(Items from a data source)
+ + + + +
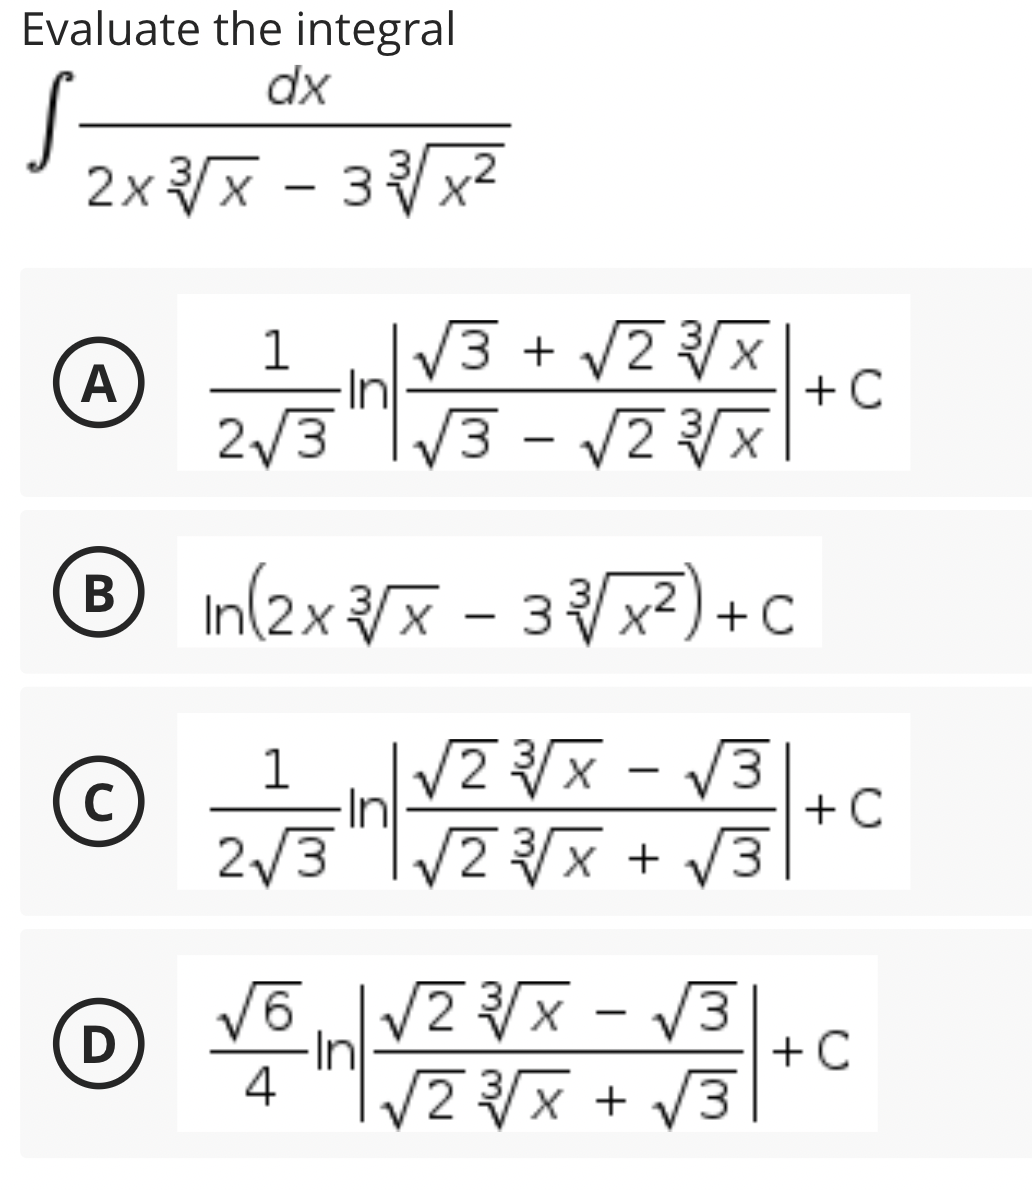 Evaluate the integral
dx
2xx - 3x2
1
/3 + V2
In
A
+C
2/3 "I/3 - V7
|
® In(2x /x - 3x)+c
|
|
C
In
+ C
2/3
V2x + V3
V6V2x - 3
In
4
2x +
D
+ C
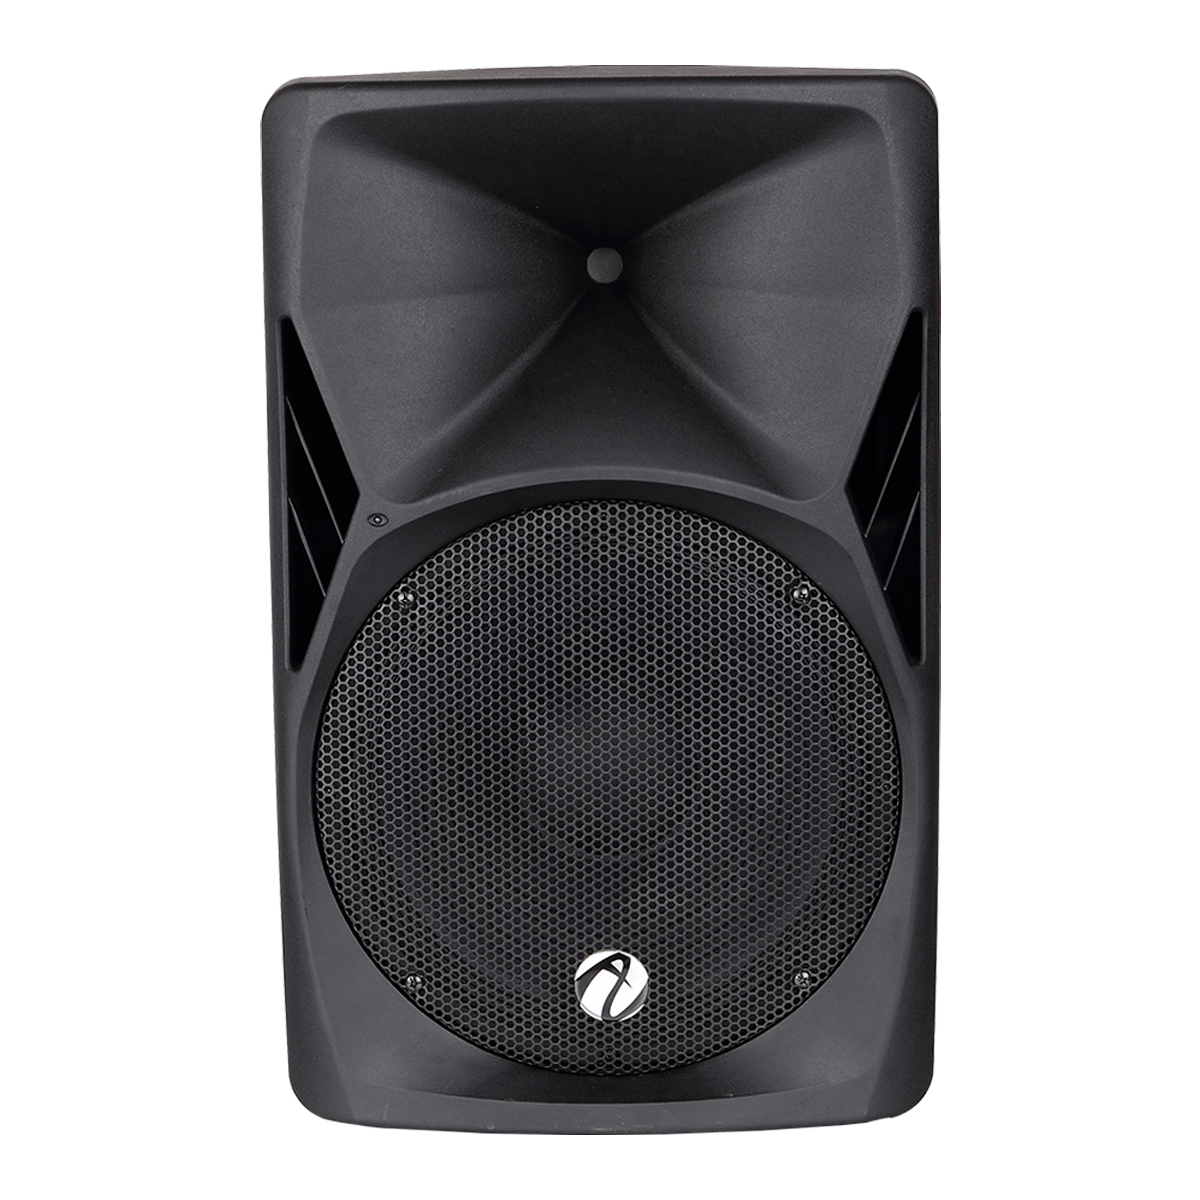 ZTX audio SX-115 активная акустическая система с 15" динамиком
+ + + + +
● Task brief
Could the data be reproduced exactly, with the pictures omitted?

● Output for this task
 Evaluate the integral
dx
2xx - 3x2
1
/3 + V2
In
A
+C
2/3 "I/3 - V7
|
® In(2x /x - 3x)+c
|
|
C
In
+ C
2/3
V2x + V3
V6V2x - 3
In
4
2x +
D
+ C
 ZTX audio SX-115 активная акустическая система с 15" динамиком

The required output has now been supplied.